While NATO has been bringing in supplies and equipment over the NDN (Northern Distribution Network) for years, sending equipment out of Afghanistan via the railroad links in the north has proved to be more of a problem. That’s because the northern neighbors are trying to prevent these shipments via Russia from being used to smuggle drugs. It could also be a scam to extract some bribes out of NATO to go easy on the inspections, which are severely limiting the amount of stuff that can be shipped out via the north.

This northern route is the result of NATO and the U.S. negotiating agreements with Tajikistan, Kyrgyzstan, Kazakhstan, Uzbekistan, and Russia to move all sorts of supplies and equipment over the NDN. Four years ago nearly all land movement of supplies came in via Pakistan.
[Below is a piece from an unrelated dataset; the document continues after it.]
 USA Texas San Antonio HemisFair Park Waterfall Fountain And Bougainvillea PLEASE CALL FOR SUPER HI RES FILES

But that changed after Pakistan closed its border to NATO supplies in late 2011, because of a friendly fire incident on the Afghan border that left 24 Pakistani troops dead. The plan was always to completely replace Pakistan but that has happened sooner, rather than later, at least when it comes to bringing stuff in. Now Pakistan has to worry about losing some of the transport business for Afghan civilian goods. That's a major industry in Pakistan because nearly all (save air freight) cargo enters and leaves Afghanistan by truck. But now Afghanistan is building its first railroad system, connecting it with the Central Asian rail network terminal on the Uzbek border. Even with the longer distances, moving cargo would eventually be competitive coming and going via rail through Central Asia, compared to going via truck through Pakistan. The NDN makes for a fundamental change in Afghan-Pakistan relations. Now Afghanistan can look north for economic, cultural, and political alliances, rather than just with Pakistan and Iran, two countries that have not always been kind to Afghanistan.
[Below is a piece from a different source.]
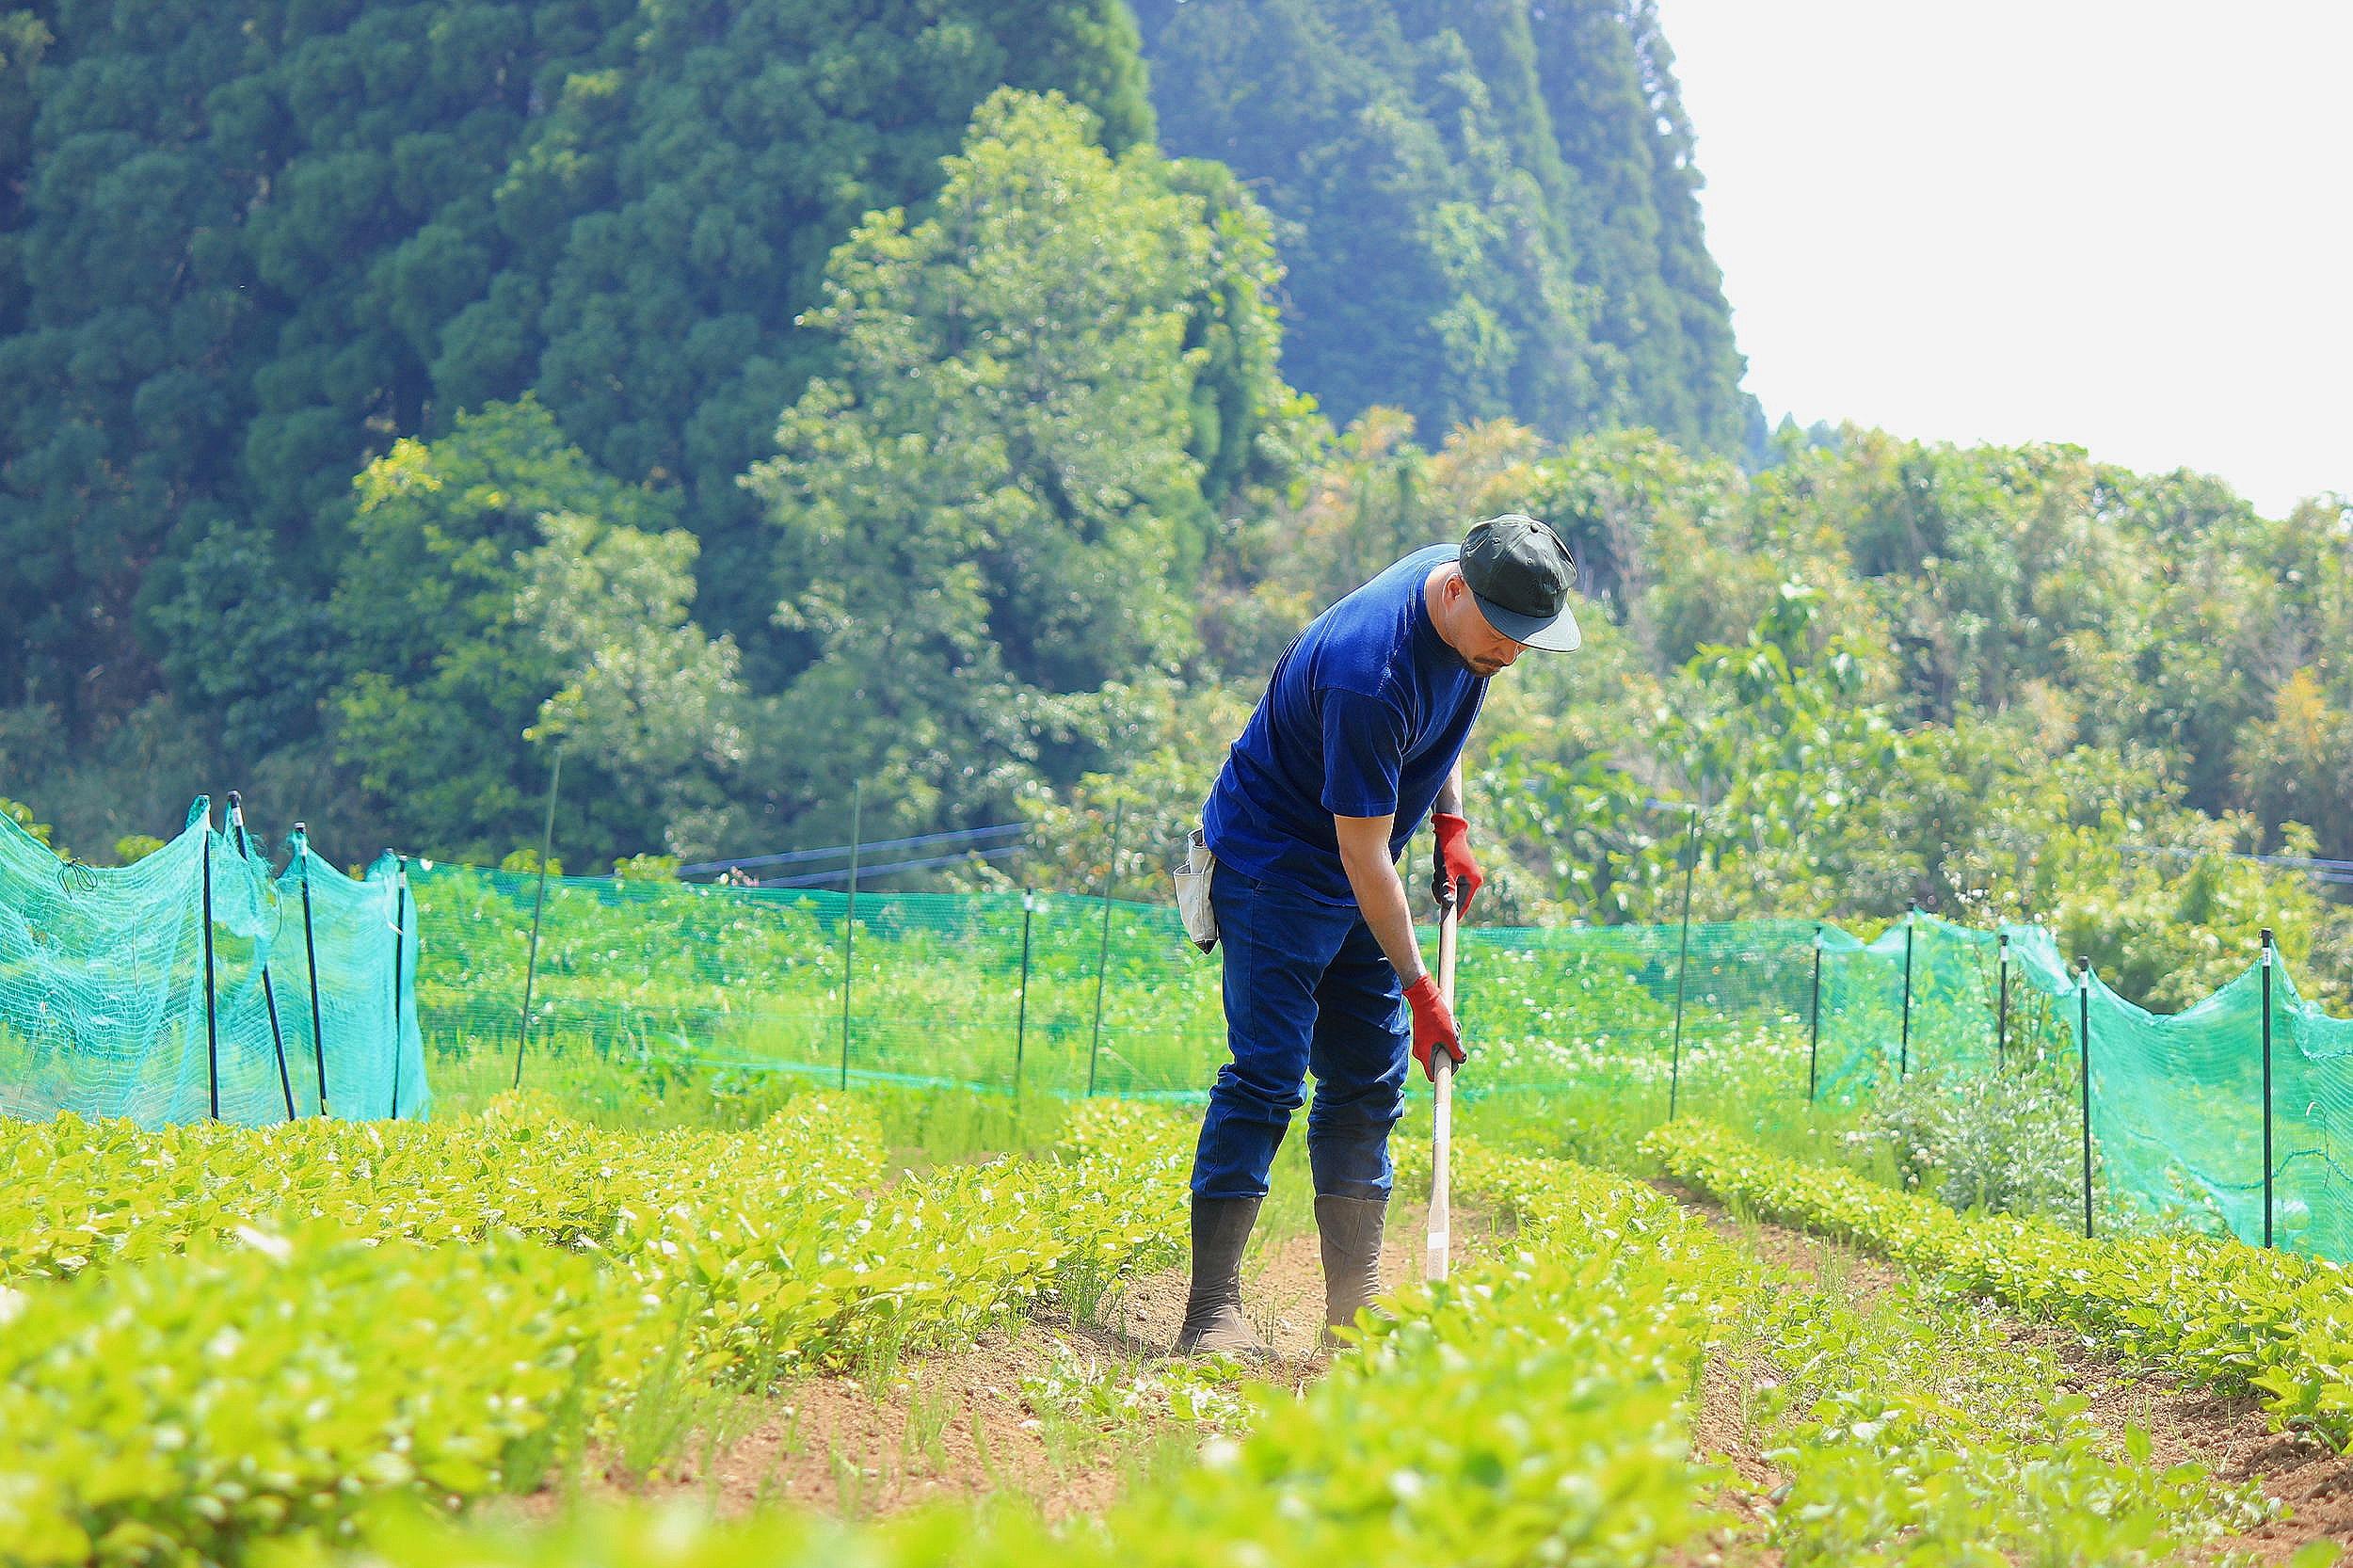 Black Bear Brand in Japan, Organic Indigo Farm

May 2, 2013: In the east (Nangarhar province) border police fought their Pakistani counterparts and captured and burned down a Pakistani border post. One Afghan policeman was killed and then was hailed as a hero in nearby towns and cities. This violence was all about an ongoing dispute about exactly where the international border is. Recently Pakistan built some new border posts forward of previous ones but still, according to Pakistan, on Pakistani territory. This has led to shooting between Afghan and Pakistani border guards. There’s also a tribal rivalry element to all this. Most of the Afghan-Pakistani border is occupied by Pushtun tribes. This frontier, still called the “Durand Line” (an impromptu, pre-independence invention of British colonial authorities), was always considered artificial by locals because the line often went right through Pushtun tribal territories. However, the Afghans are more inclined to accept the Durand Line and fight to maintain it. The Pakistanis believe absolute control of the border is impossible and attempts to stop illegal crossings cause additional trouble (as tribesmen do not like excessive attention at border crossing posts). This recent violence is also linked to years of anger over Afghan Taliban and other terrorists hiding out in Pakistan and Islamic terrorists (fighting the Pakistani government) hiding out in Afghanistan. This has led to regular Pakistani shelling of suspected terrorist camps in Afghanistan, which often kills innocent (or semi-innocent) Afghan civilians. The Afghans protest and the Pakistanis refuse to halt the shelling and rocket fire.

May 1, 2013: The Taliban began this year’s Spring Offensive by making several attacks on police, most of which failed. One roadside bomb did kill three police, including a local commander. But in the next 48 hours the police struck back, killing or capturing over a hundred Taliban.